Saving BitcoinHeistData.csv.zip to BitcoinHeistData.csv.zip
Saving no label.csv to no label.csv


In [None]:
# ==============================================================
# 🔐 HYBRID RANSOMWARE DETECTION MODEL
# Combines Supervised (with SMOTE) + Unsupervised (Isolation Forest)
# Weighted Ensemble: 65% Supervised + 35% Unsupervised
# ==============================================================

import pandas as pd
import numpy as np
import time
from sklearn.ensemble import IsolationForest, HistGradientBoostingClassifier
from sklearn.model_selection import train_test_split
from sklearn.preprocessing import LabelEncoder, RobustScaler
from sklearn.metrics import accuracy_score, confusion_matrix, classification_report
from imblearn.over_sampling import SMOTE
from imblearn.pipeline import Pipeline

# -----------------------------
# 1️⃣ LOAD DATASETS
# -----------------------------
df_supervised = pd.read_csv("BitcoinHeistData.csv.zip")   # Labeled dataset
df_unsupervised = pd.read_csv("no label.csv")              # Unlabeled dataset

# -----------------------------
# 2️⃣ SUPERVISED MODEL (with SMOTE and Scaling)
# -----------------------------
print("\n🏁 Training Supervised Model with SMOTE and Scaling...")

# Prepare features and target for supervised model
# Classify 'white' as 0 (non-malicious) and all other labels as 1 (malicious)
X = df_supervised.drop("label", axis=1)
y = df_supervised["label"].apply(lambda x: 0 if x == "white" else 1)


# Encode categorical columns
for col in X.select_dtypes(include='object').columns:
    le = LabelEncoder()
    X[col] = le.fit_transform(X[col].astype(str))

# Split data
X_train, X_test, y_train, y_test = train_test_split(
    X, y, test_size=0.2, stratify=y, random_state=42
)

print("Before SMOTE:")
print(y_train.value_counts())

# Create a pipeline with SMOTE and RobustScaler
pipeline = Pipeline([
    ('smote', SMOTE(random_state=42)),
    ('scaler', RobustScaler()),
    ('hgb', HistGradientBoostingClassifier(max_iter=100, learning_rate=0.1, max_depth=5, random_state=42))
])

start_time = time.time()
pipeline.fit(X_train, y_train)
supervised_time = time.time() - start_time

# Predict on test set
y_pred = pipeline.predict(X_test)
y_prob = pipeline.predict_proba(X_test)[:, 1]  # probability of ransomware


supervised_acc = accuracy_score(y_test, y_pred)

print(f"\n✅ Supervised Model Accuracy (with SMOTE and Scaling): {supervised_acc:.4f}")
print("⏱️ Training Time (Supervised):", round(supervised_time, 3), "seconds")
print("\n📊 Classification Report (Supervised):")
print(classification_report(y_test, y_pred, target_names=["Non-malicious", "Malicious"]))

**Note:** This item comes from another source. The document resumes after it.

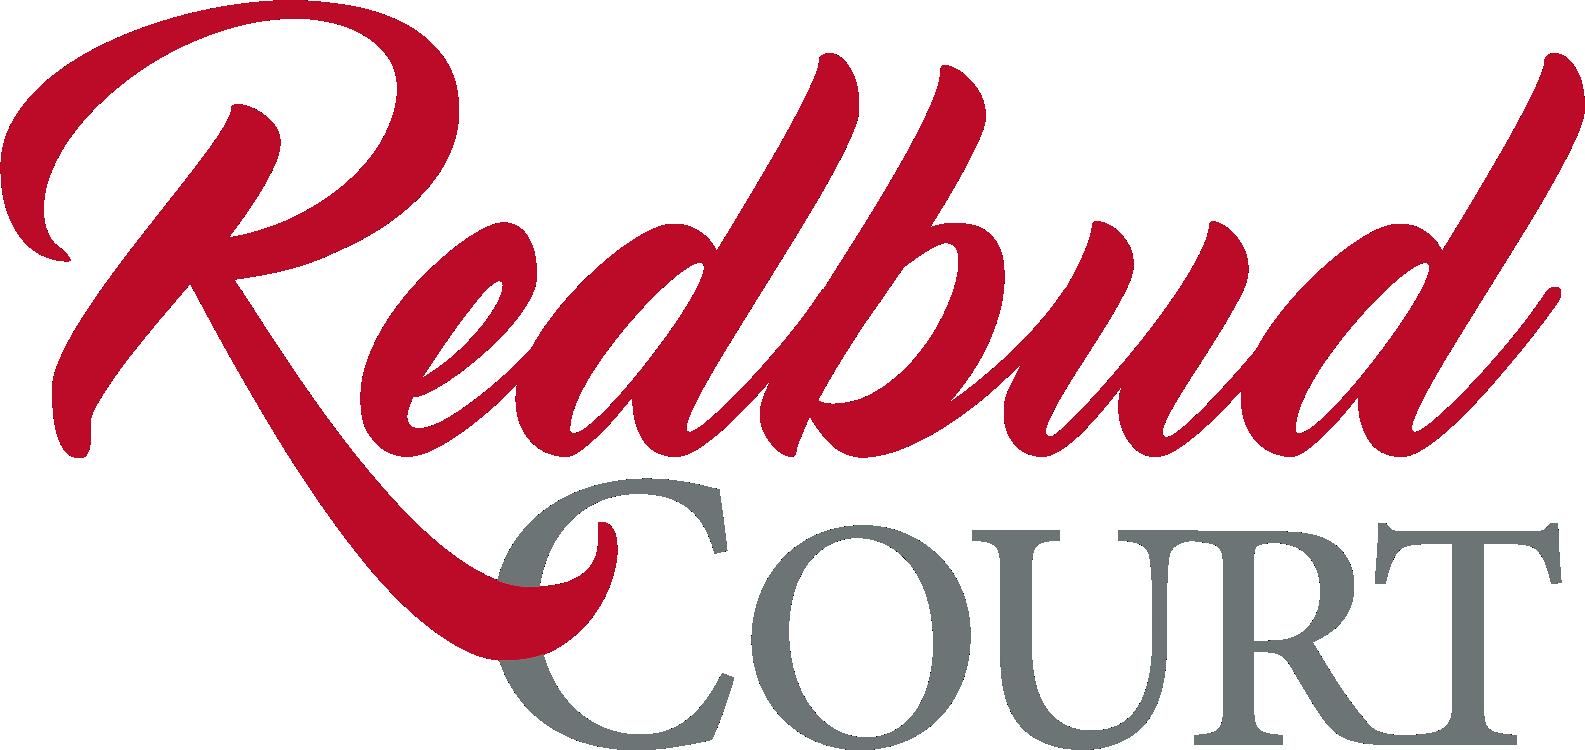 Redbud Court Subdivision

# -----------------------------
# 3️⃣ UNSUPERVISED MODEL (Isolation Forest)
# -----------------------------
print("\n🏁 Training Unsupervised Model (Isolation Forest)...")

# Drop non-numeric columns
X_unsup = df_unsupervised.drop(columns=["address"], errors="ignore")

# Scale unsupervised data
scaler_unsup = RobustScaler()
X_unsup_scaled = scaler_unsup.fit_transform(X_unsup)


unsup_model = IsolationForest(
    n_estimators=100,
    contamination=0.01,
    random_state=42,
    n_jobs=-1
)

start_time = time.time()
unsup_model.fit(X_unsup_scaled)
unsup_time = time.time() - start_time

unsup_scores = -unsup_model.decision_function(X_unsup_scaled)  # higher = more suspicious
unsup_flags = unsup_model.predict(X_unsup_scaled)  # -1 = anomaly

print("⏱️ Training Time (Unsupervised):", round(unsup_time, 3), "seconds")
print(f"Total anomalies detected (unsupervised): {(unsup_flags == -1).sum()}")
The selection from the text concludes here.